The SUMMARY and FACT constants model the two-tier cost — every exchange pays for the summary regardless of whether a fact crosses the wire. The strategy branch in the inner loop is the protocol logic: push speaks only when the speaker has the fact, pull listens only when the listener does not, push-pull always exchanges. The 2 × SUMMARY charge for push-pull captures the constant-factor cost it pays — every push-pull round sends two summaries even when the cluster has converged. The convergence numbers 10.9 rounds for push vs 6.8 for push-pull at N=64 match the theoretical log₂(64) + ln(64) ≈ 10.2 and log₂(64) ≈ 6 predictions to within simulation noise. The bandwidth comparison shows push-pull paying ~30% more bytes than push, but converging in 60% the rounds — for time-critical facts (membership, leadership), trading bandwidth for latency is almost always the right call.

The saturation crossover, visualised

The cleanest way to see why push-pull dominates is to watch the informed-fraction curves over rounds. In the early rounds, when only a handful of nodes know a fact, push and push-pull spread at almost the same rate — both are bottlenecked by the small number of informed senders. Around the midpoint, when roughly half the cluster knows the fact, push starts wasting half its messages on already-informed receivers; push-pull keeps doubling because every exchange potentially informs whichever side was uninformed. In the tail rounds, when 95%+ of the cluster knows the fact, push wastes nearly all its messages while pull becomes useful because the few uninformed nodes can discover the fact from any random peer.
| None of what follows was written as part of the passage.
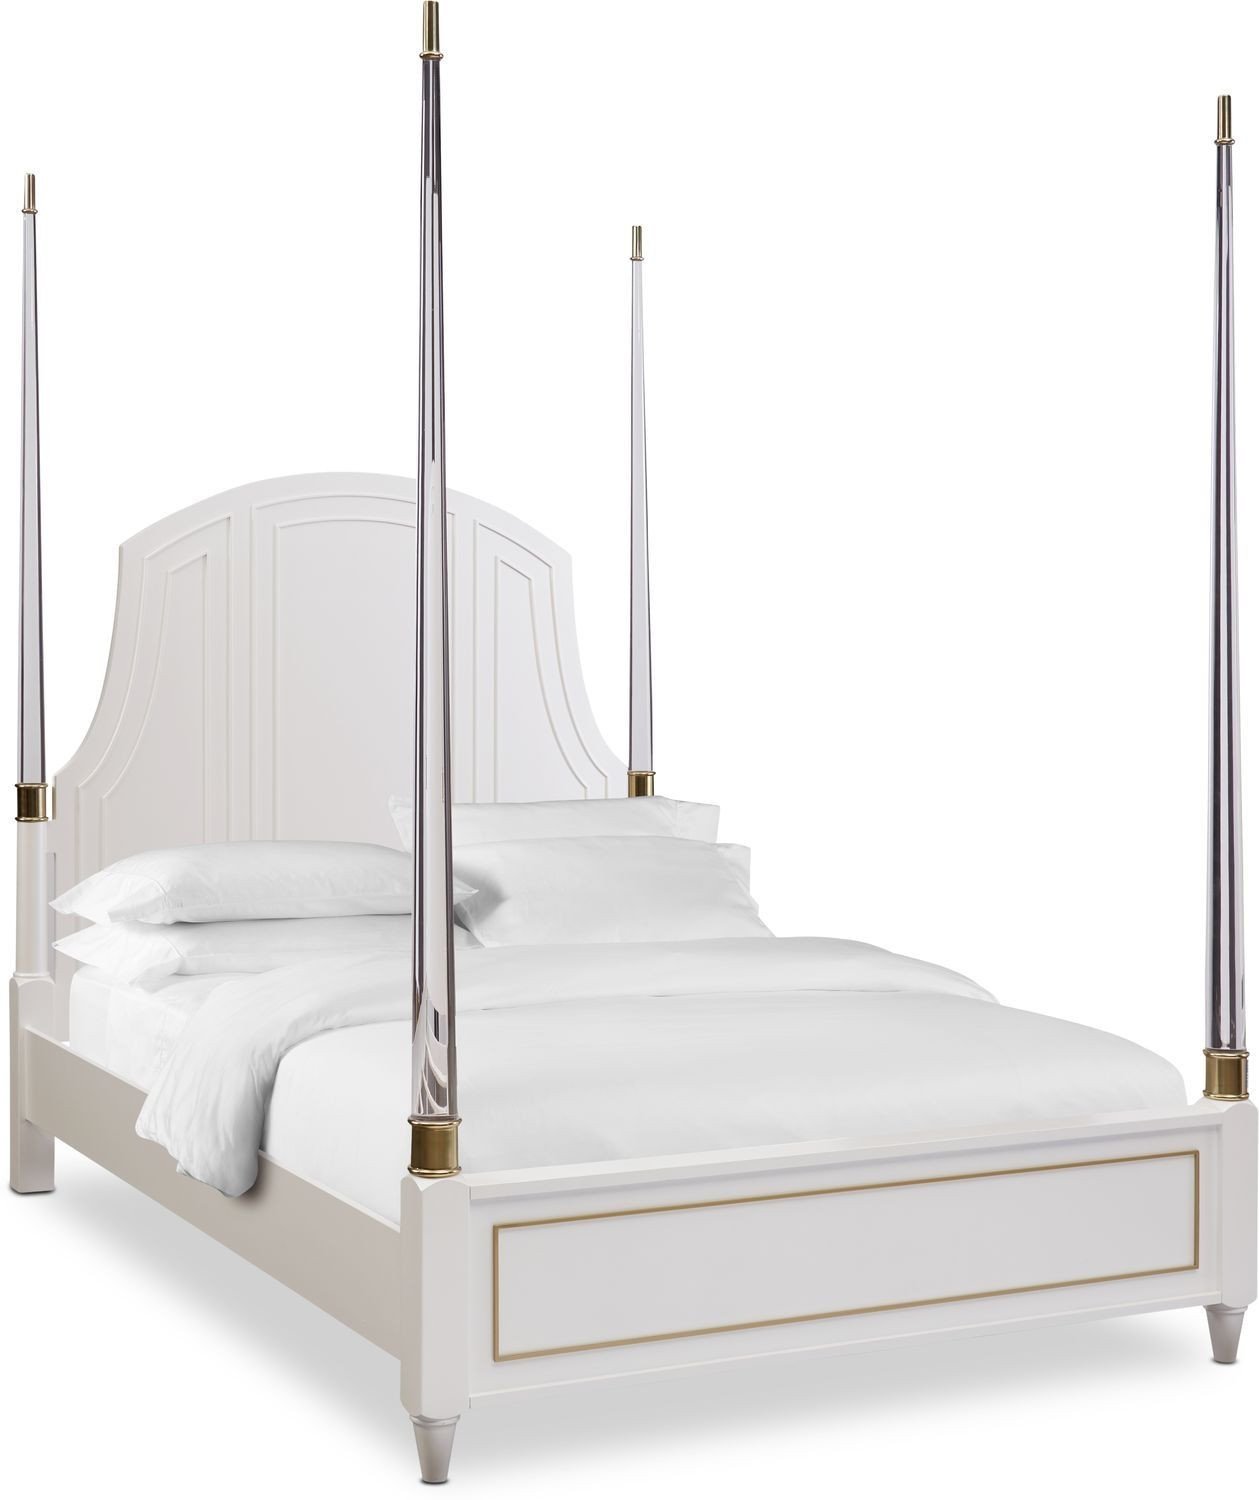 Value City Bedroom Furniture New isabel King Post Bed Alabaster In 2019

Illustrative convergence curves at N=1024. Push-pull's tail-acceleration is the key win — the last 5% of nodes in push or pull take as long as the first 95% combined.

The vertical dashed line marks the moment push-pull is done. Push and pull are still spending most of their budget on the long tail — the last 50 nodes out of 1024 take 4-5 additional rounds because the informed-uninformed pairing probability has gone to zero. This long-tail tax is why production systems care about push-pull: even if average-case latency is similar, the p99 is what triggers cascading failures, and push-pull's p99 is structurally tighter.

Picking the shape from your workload

The shape that wins depends on three measurable properties of your gossip workload: fact-arrival rate, cluster size, and time-to-converge SLA. The decision rule that real teams use:

If your cluster is small (under 50 nodes) and fact-arrival is bursty, pure push is fine — the saturation-wastage is bounded because the cluster is small enough that even O(N) wasted messages per fact is a few KB. If your cluster is large (above 500 nodes) and you have many slow-changing facts, pure pull is bandwidth-efficient because most facts are saturated and pull avoids the re-send-to-informed-peers waste. If your cluster is mid-sized to large and mixes fresh facts with saturated ones — which is every production gossip workload — push-pull is the answer and the bandwidth premium is well-spent.

The hybrid that production systems run is more nuanced still. SWIM-derived protocols (Memberlist, Serf) run a fast push every T_fast = 200 ms to disseminate hot facts (a fresh failure detection, a new node joining), and a slow push-pull every T_slow = 30 s for full-state reconciliation. The fast push saturates fresh facts within O(log N) × 200 ms ≈ 2 s; the slow push-pull catches anything the fast push missed and reconciles version skew. This two-timescale design — latency layer + safety layer — is the dominant pattern in modern gossip systems.

A war story: KapitalKite's flag-day cutover

KapitalKite, a fictional Bengaluru stockbroker handling 4M order events per second during NSE market hours, ran into the push-saturation problem on the first day they crossed 800 backend nodes in their order-routing tier. Their gossip protocol — a custom-built push-only design borrowed from a 2016 reference implementation — propagated routing-table updates with T = 100 ms and fanout = 5. At 800 nodes the design assumed convergence within log₂(800) × 100 ms ≈ 1 s and a tolerable 1-second window of routing inconsistency.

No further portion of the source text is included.